> [TASK DETAILS]:
Could you output the listing that follows exactly, without its images?

SOURCE MATERIAL: Begin

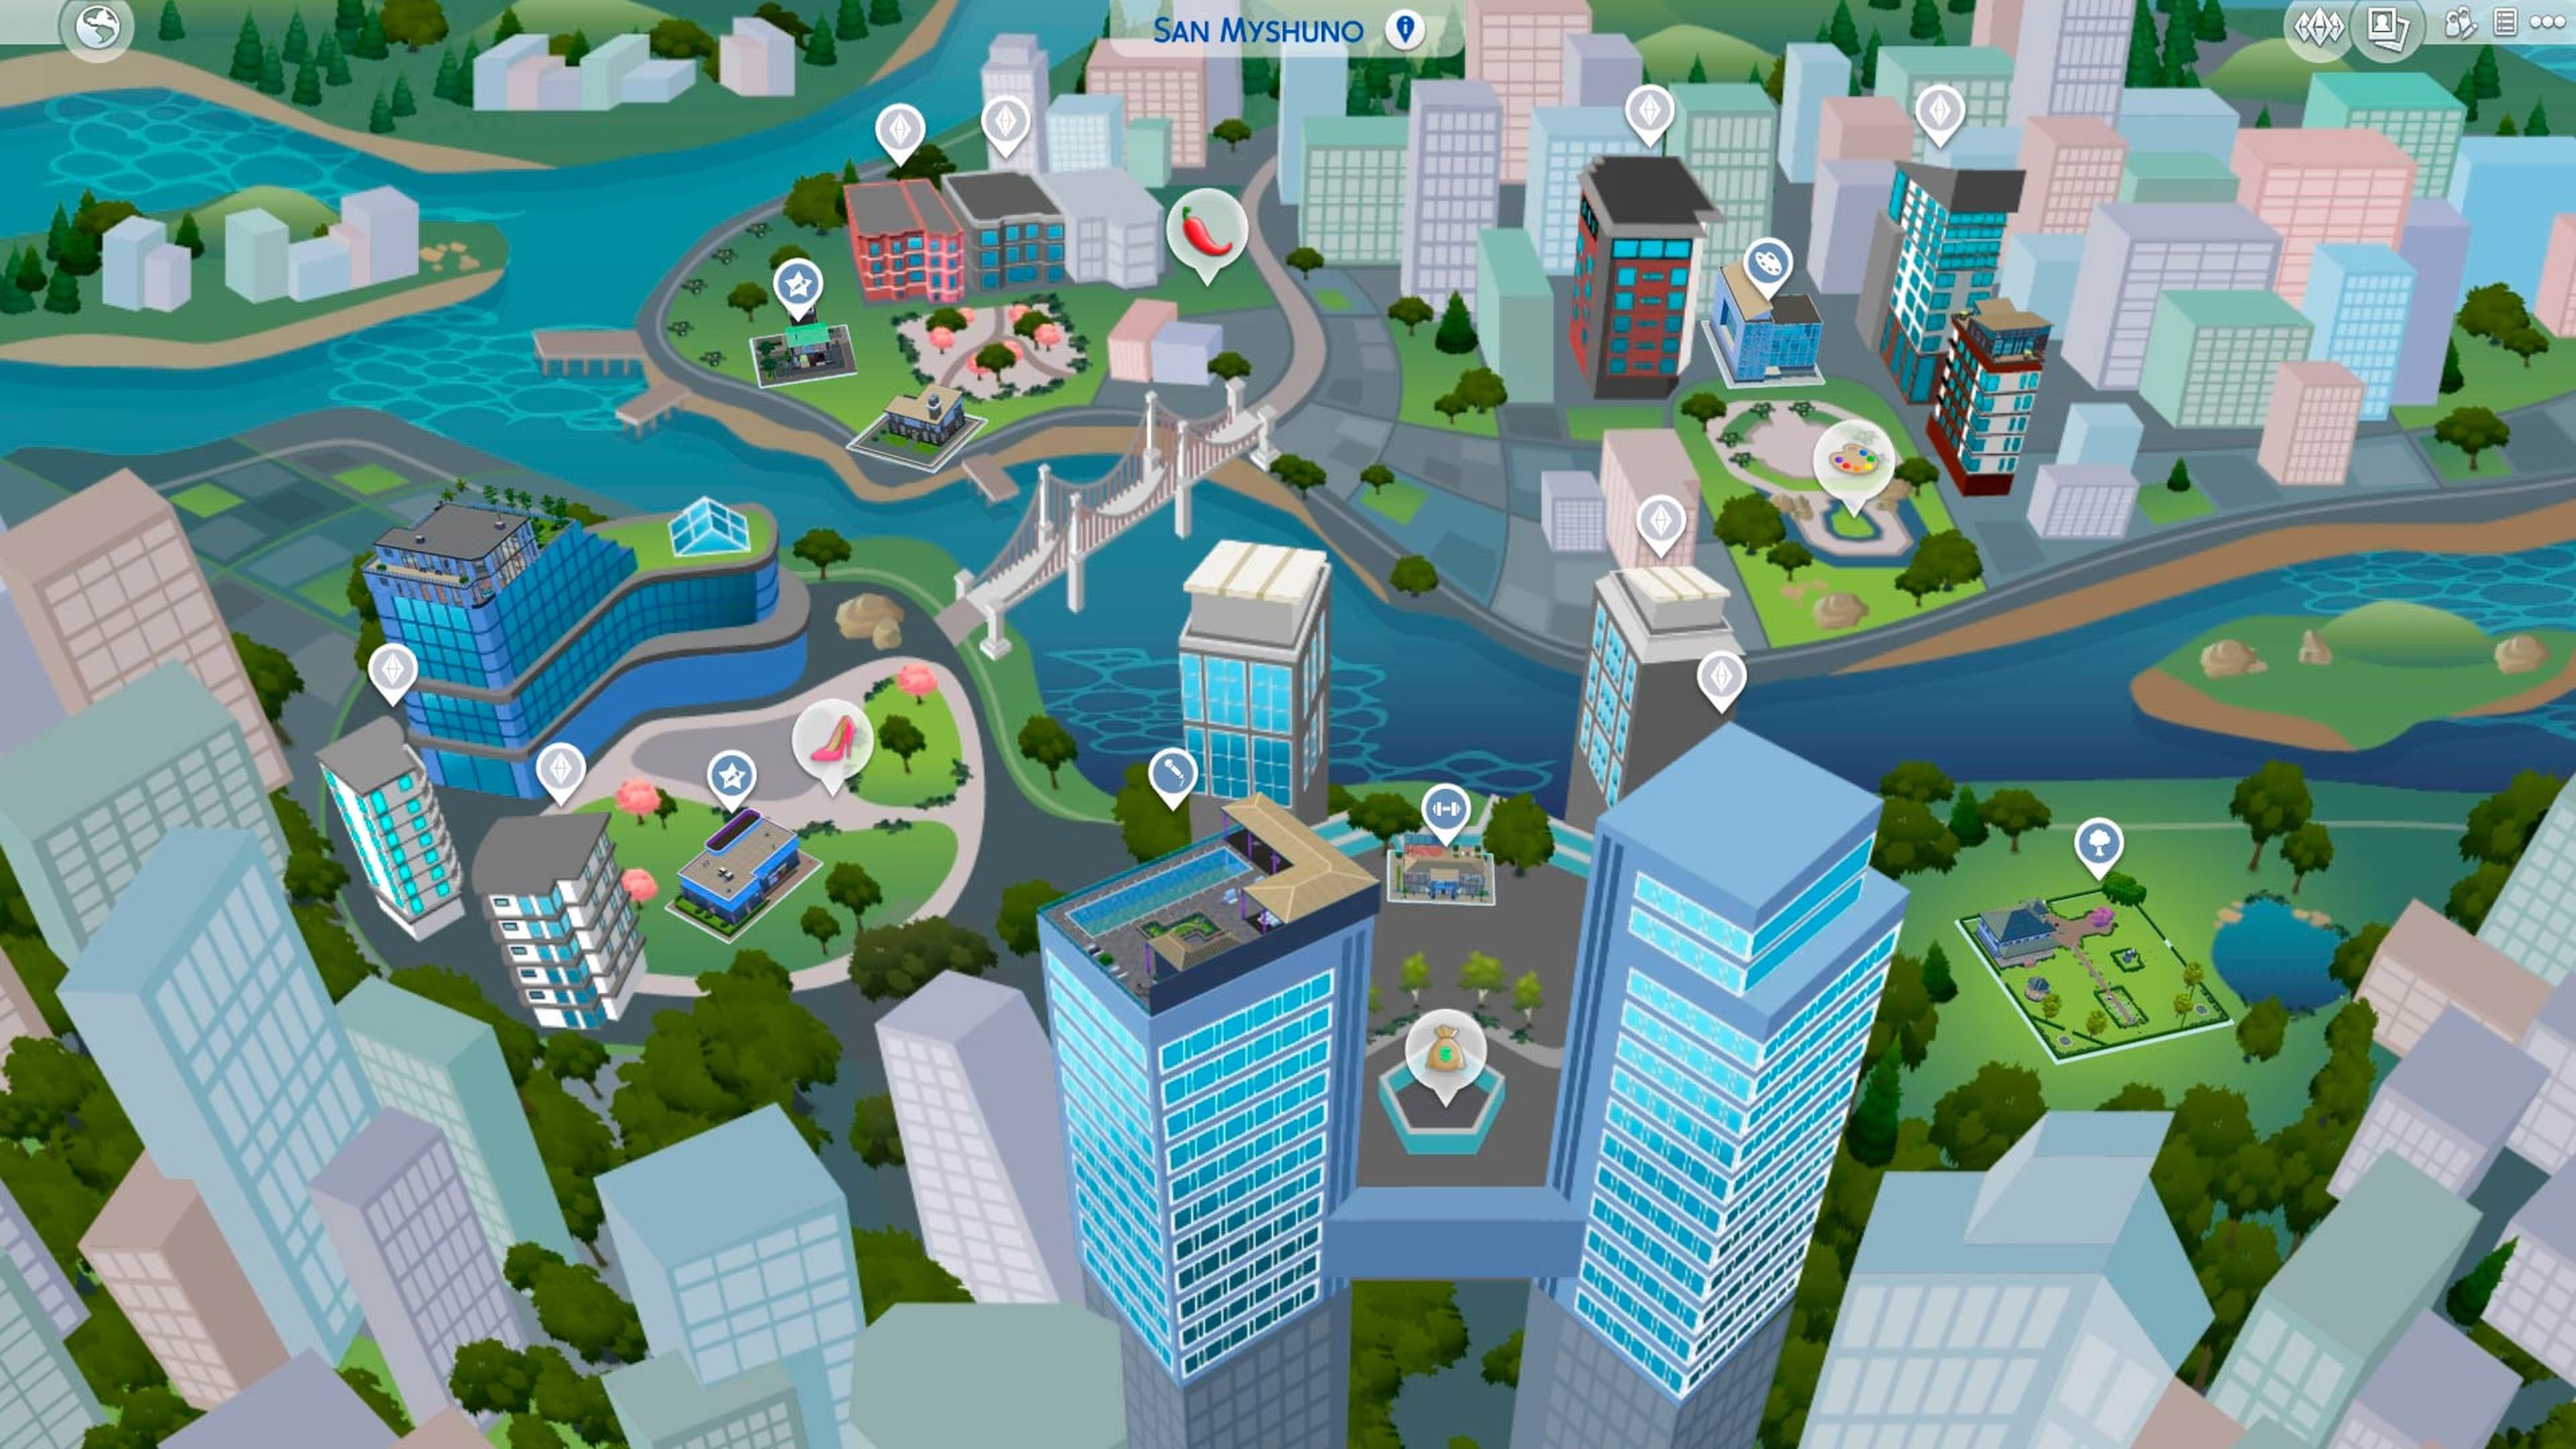 Plano de San Myshuno, que te permite elegir donde quieres ir en Los Sims 4: Urbanitas.
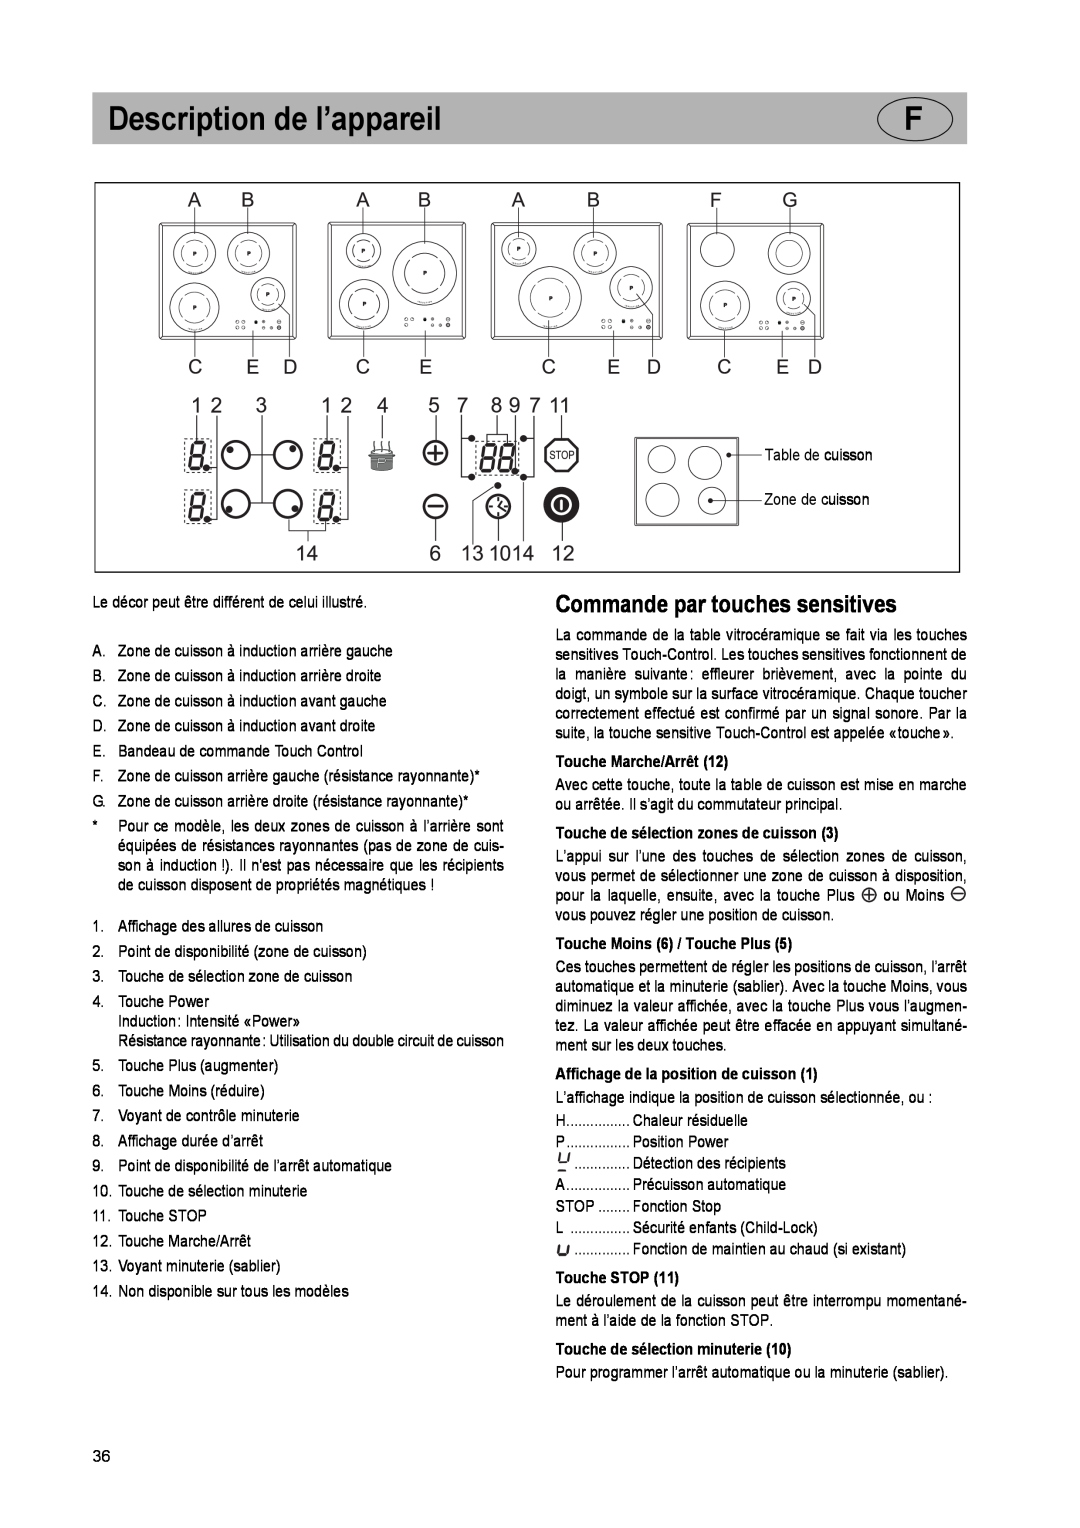 Smeg SE2842ID2 manual Description de l’appareil, Commande par touches sensitives, Touche Marche/Arrêt, Touche STOP 
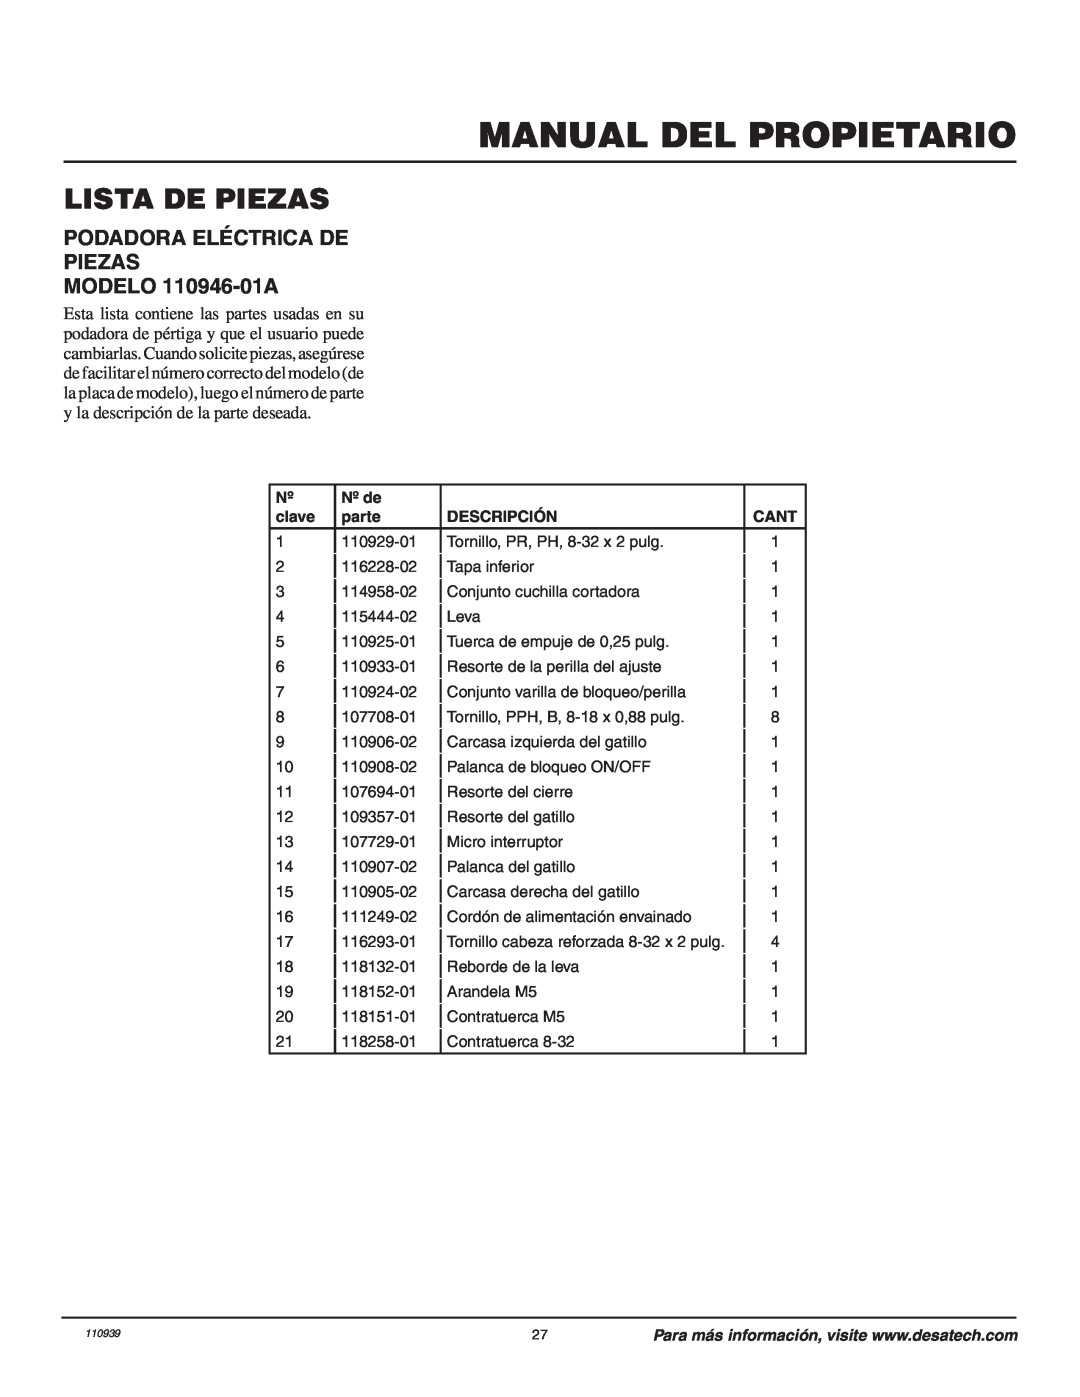 Remington owner manual Lista De Piezas, PODADORA ELÉCTRICA DE PIEZAS MODELO 110946-01A, Manual Del Propietario 
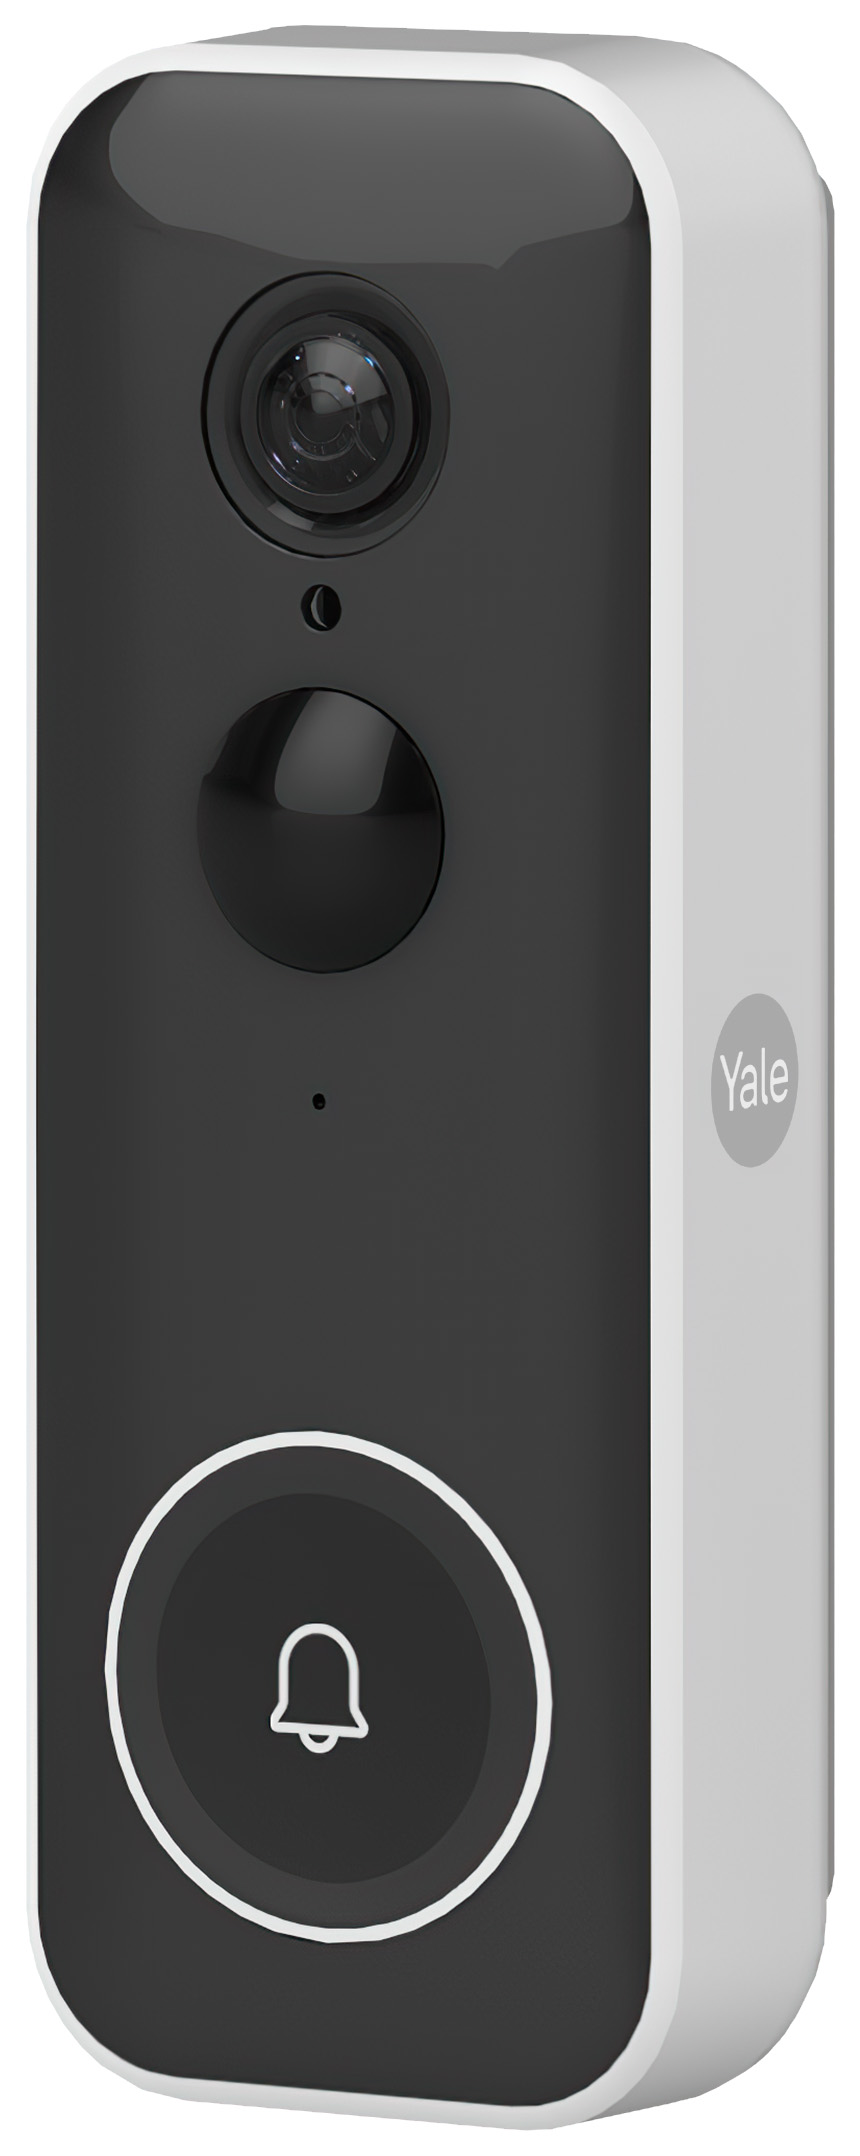 Yale Smart Video Doorbell - Black

SOURCE MATERIAL: End

> [EXERCISE RESULT]:
 Plano de San Myshuno, que te permite elegir donde quieres ir en Los Sims 4: Urbanitas.
 Smeg SE2842ID2 manual Description de l’appareil, Commande par touches sensitives, Touche Marche/Arrêt, Touche STOP 
 Remington owner manual Lista De Piezas, PODADORA ELÉCTRICA DE PIEZAS MODELO 110946-01A, Manual Del Propietario 
 Yale Smart Video Doorbell - Black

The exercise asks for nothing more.